Work to be completed:
Your copy must hold all of the data below, unchanged and without images.

Exercise data:

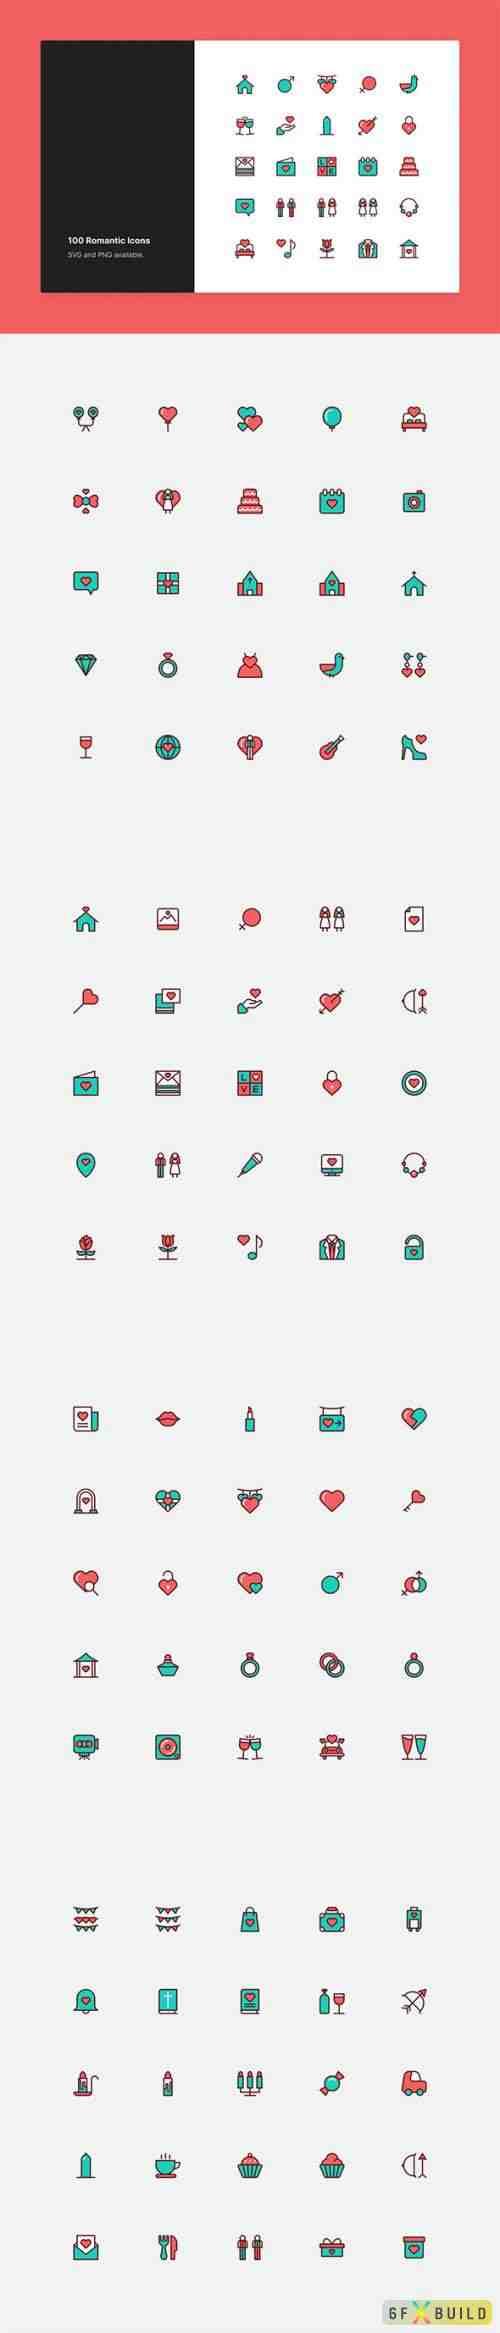 Romantic & Love Icon Set - Color Style
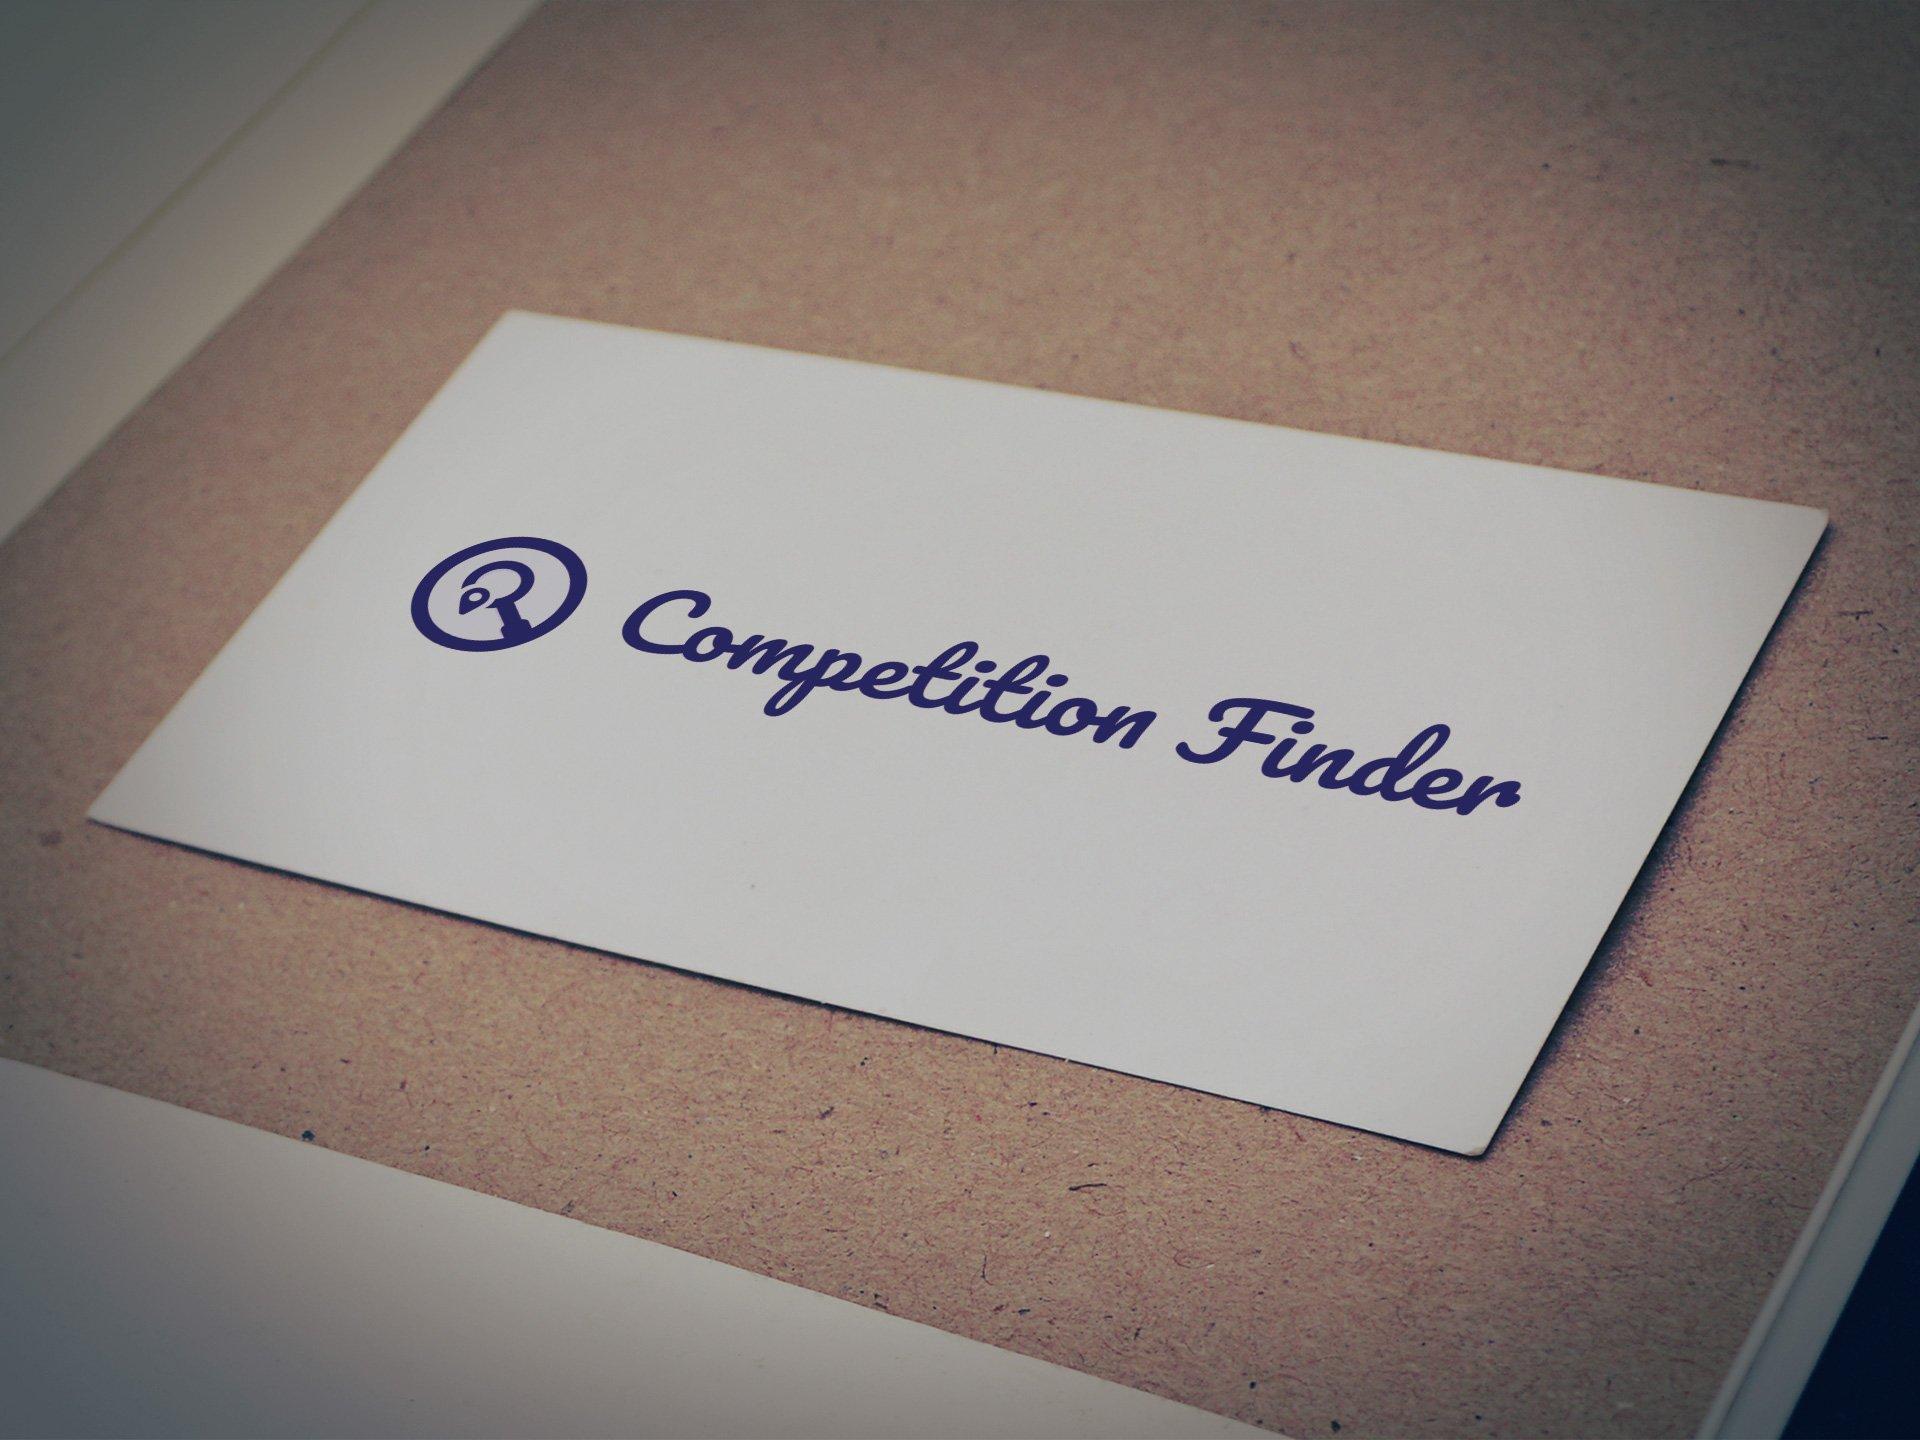 Competition Finder Logo - Designed by Casper Creative
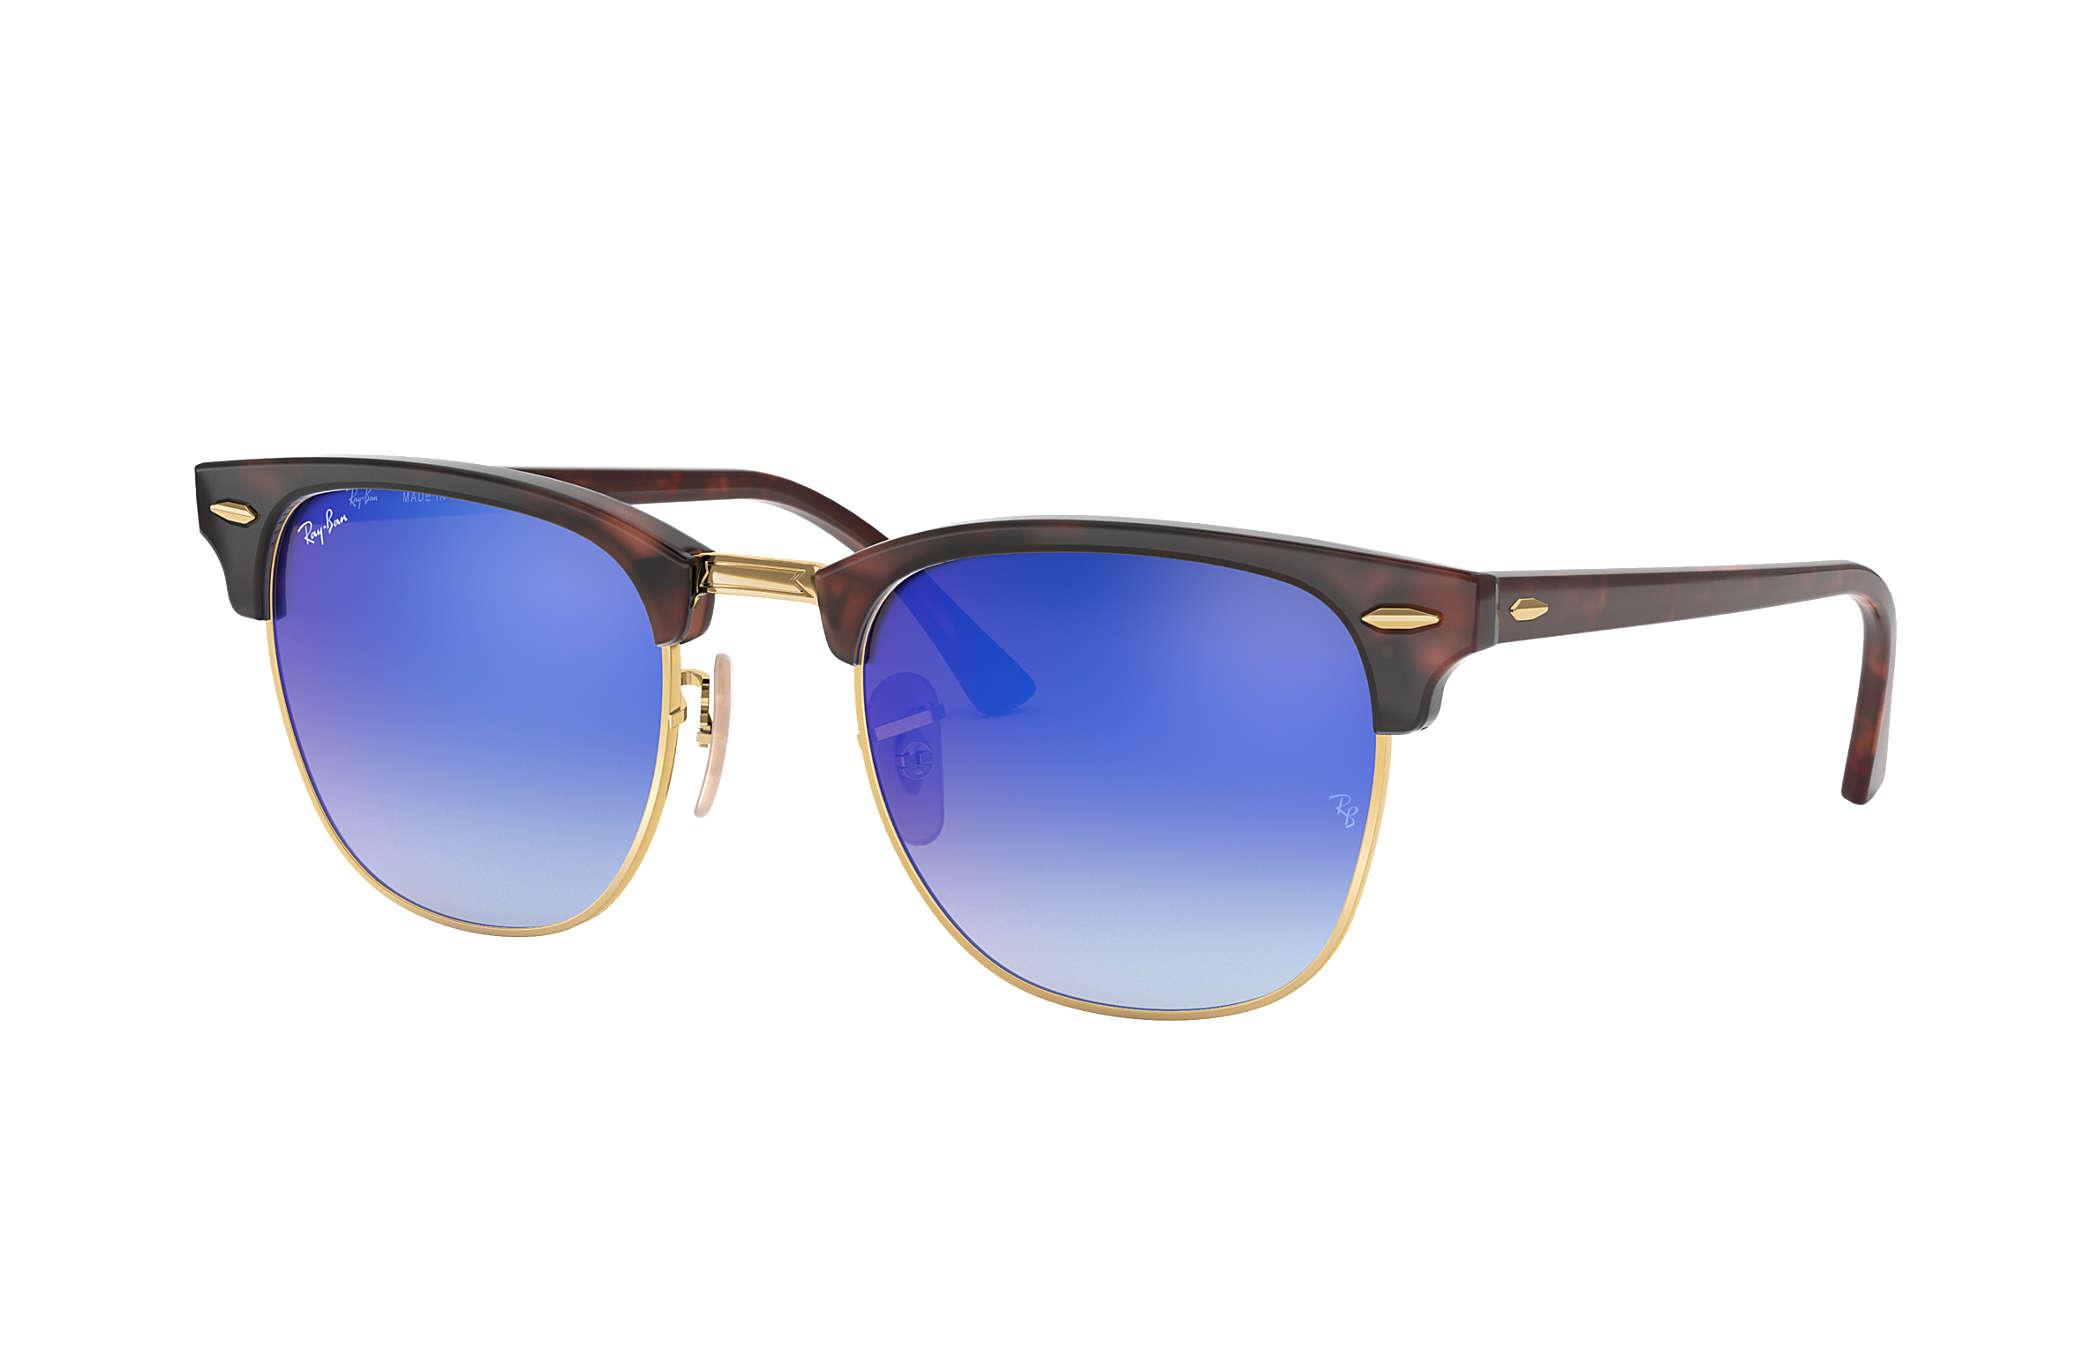 Ray ban sunglasses gradient - Ray Ban 0rb3016 Clubmaster Flash Lenses Gradient Tortoise Gold Tortoise Sun

Result of the exercise:
 Romantic & Love Icon Set - Color Style
 Competition Finder Logo - Designed by Casper Creative
 Ray ban sunglasses gradient - Ray Ban 0rb3016 Clubmaster Flash Lenses Gradient Tortoise Gold Tortoise Sun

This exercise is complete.